**TASK DETAILS**:
Only the pictures are to be left out; return the rest of the data exactly as it stands.

**DATA BELOW**:

- - -

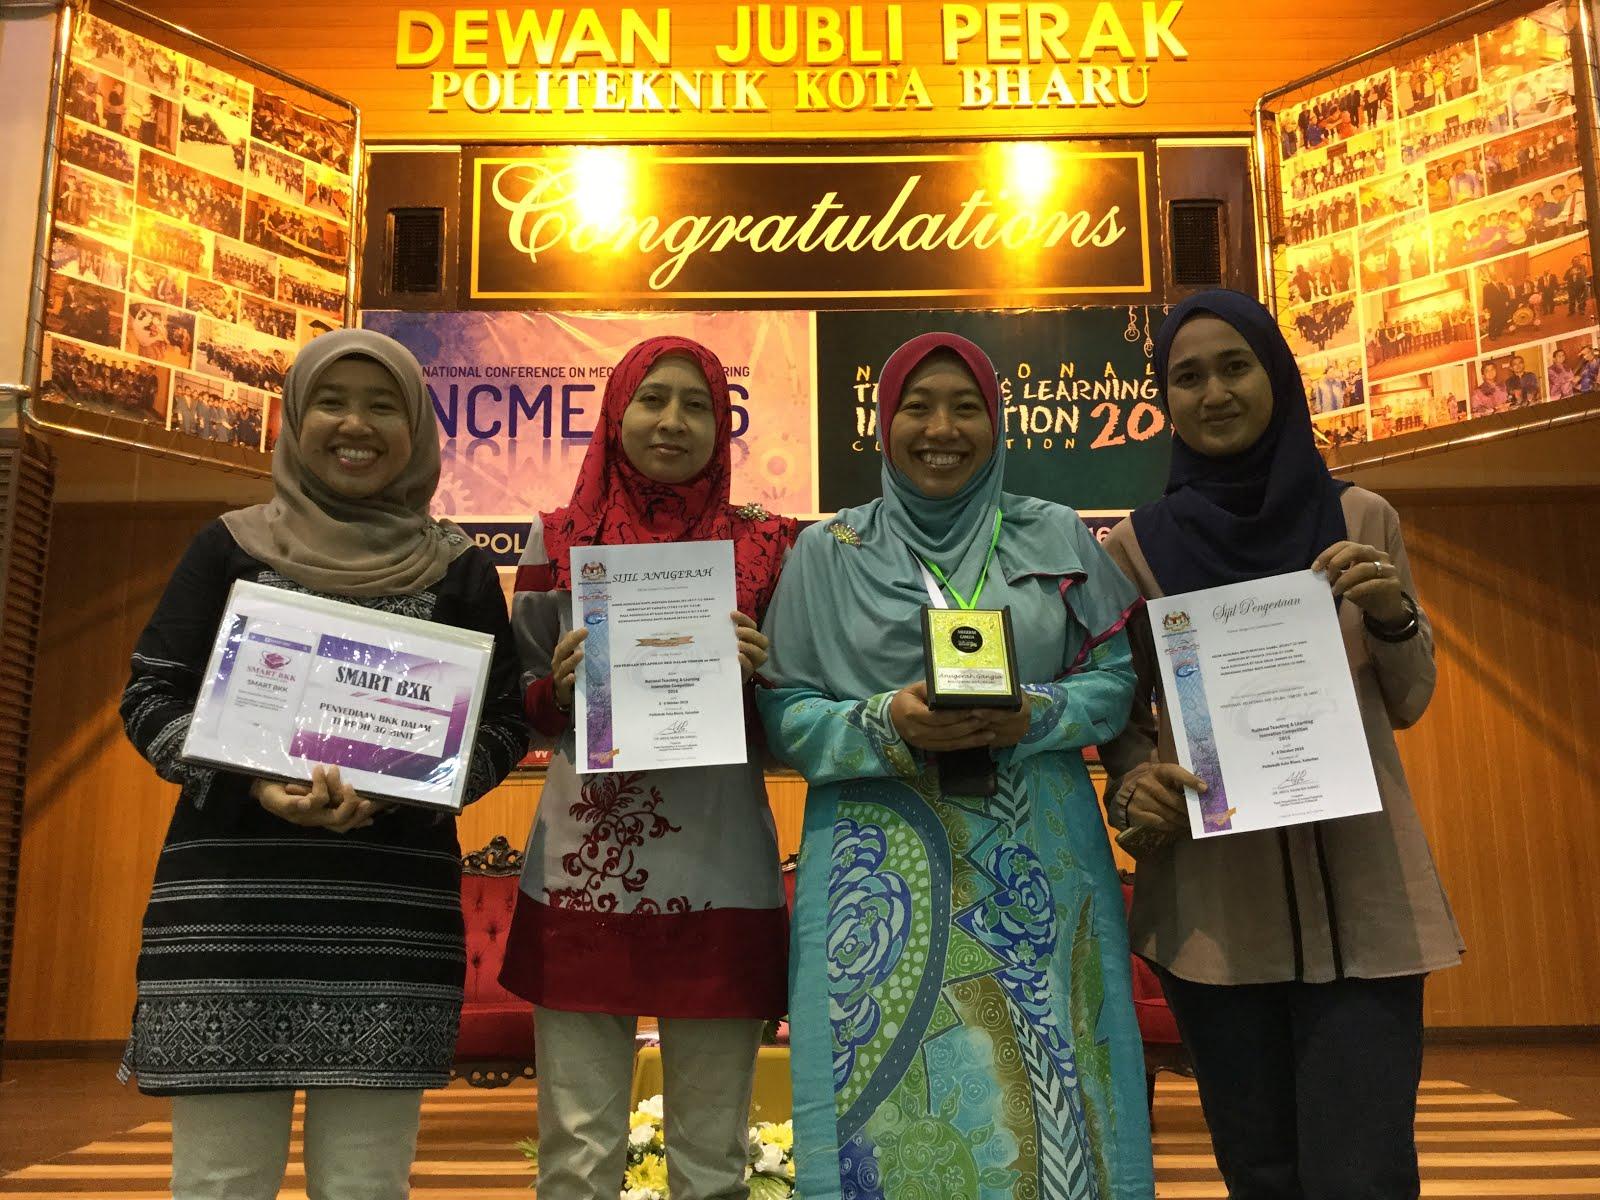 National Teaching & Learning Innovation 2016
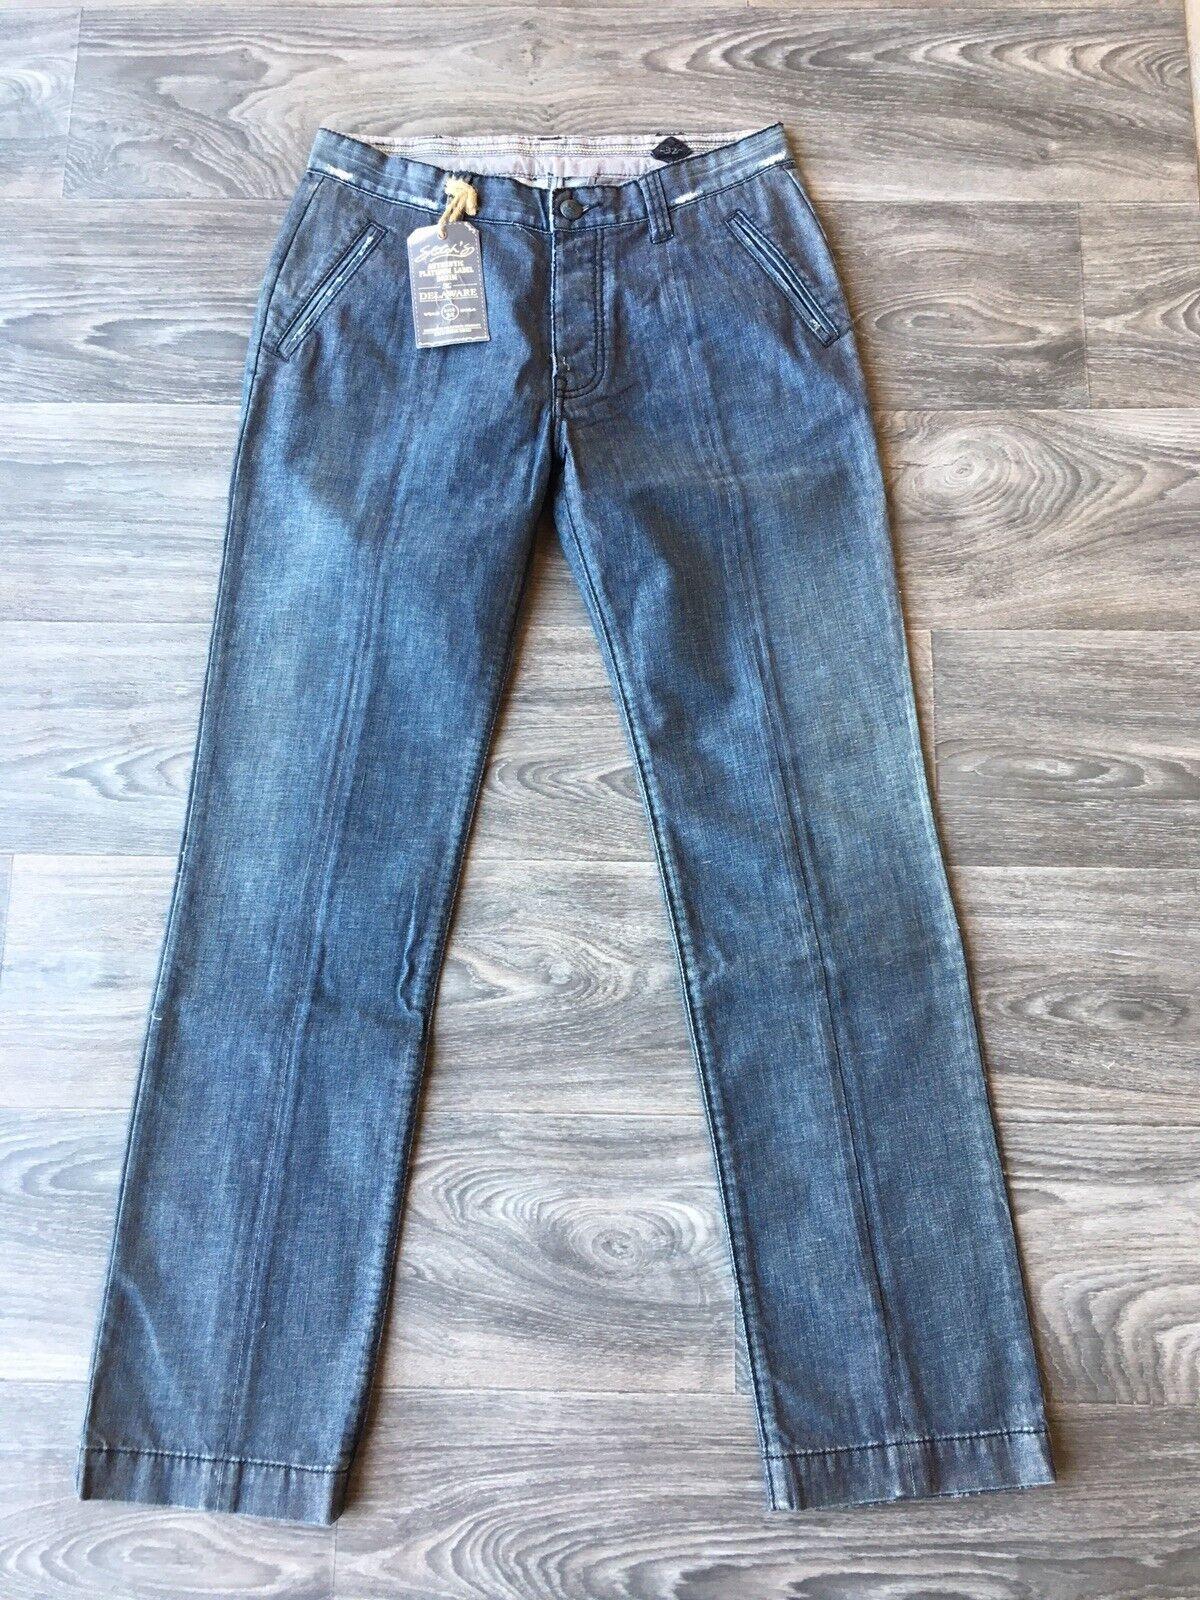 NWT Stitch's Men's The Delaware Boot Cut Leg Jeans Phoenix Wash Size 32
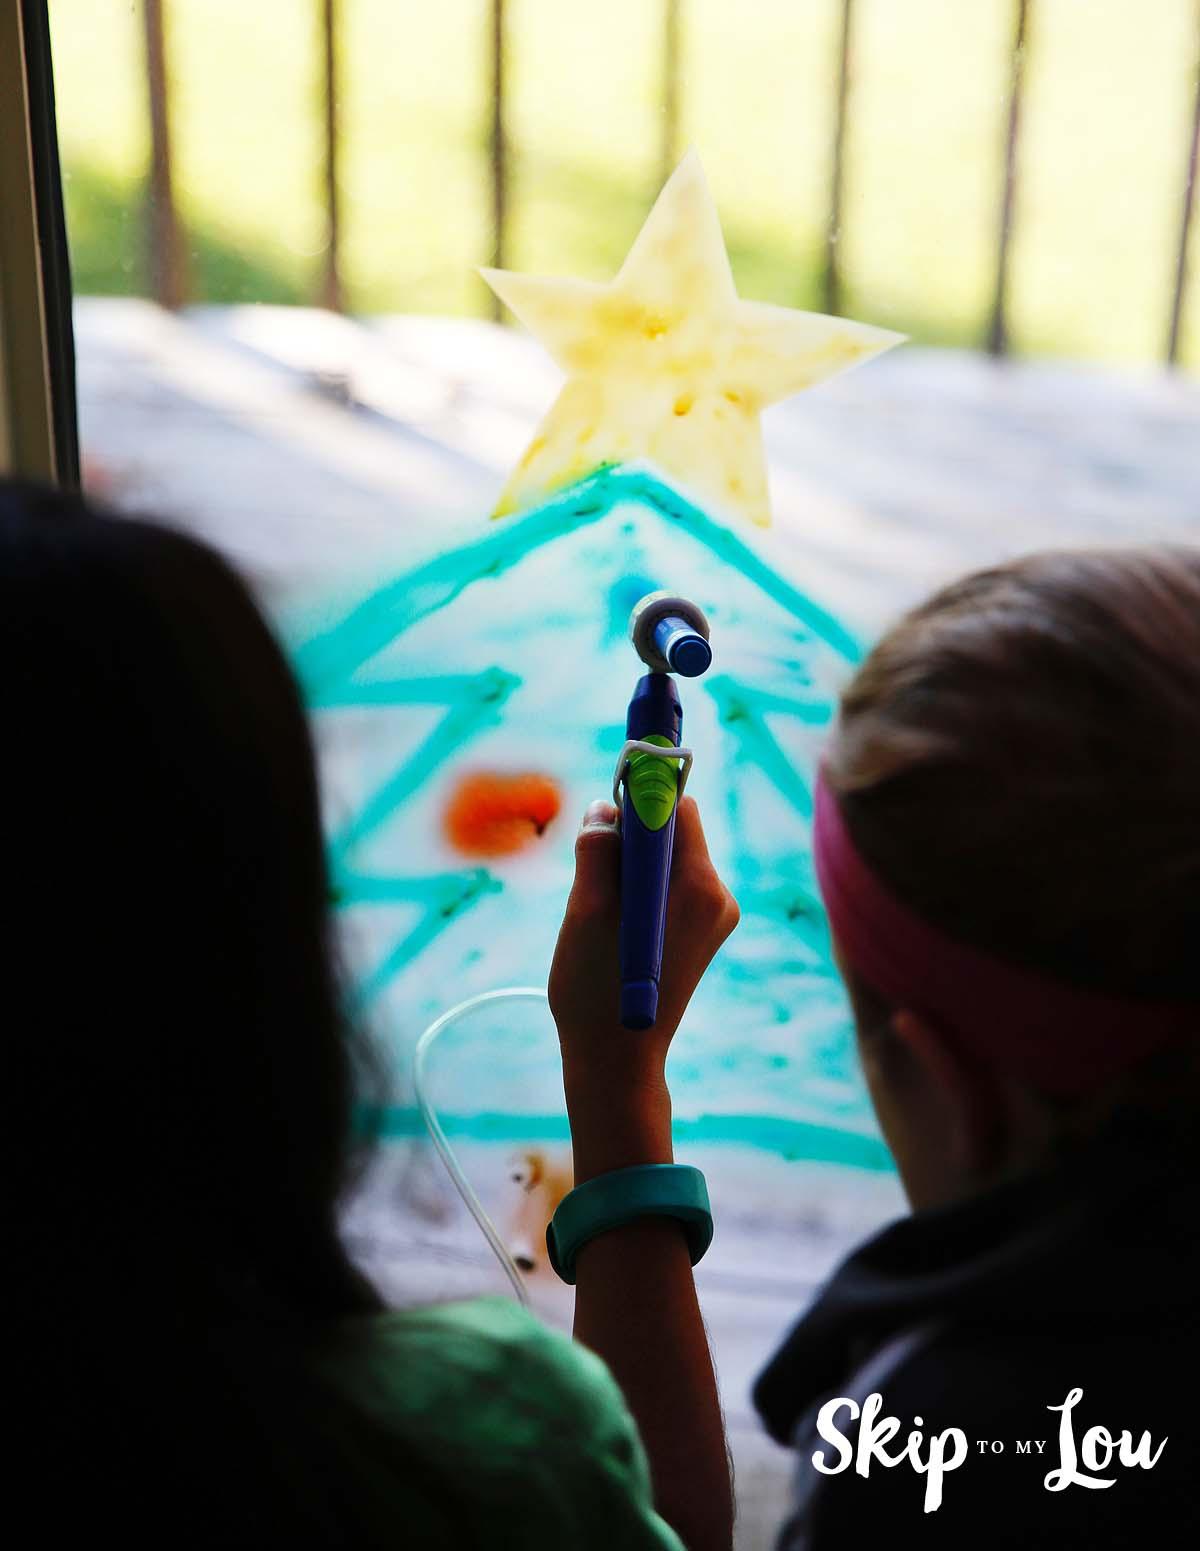 Crayola Air Marker Sprayer Review Skip To

- - -

**RESULT FOR THIS TASK**:
 National Teaching & Learning Innovation 2016
 NWT Stitch's Men's The Delaware Boot Cut Leg Jeans Phoenix Wash Size 32
 Crayola Air Marker Sprayer Review Skip To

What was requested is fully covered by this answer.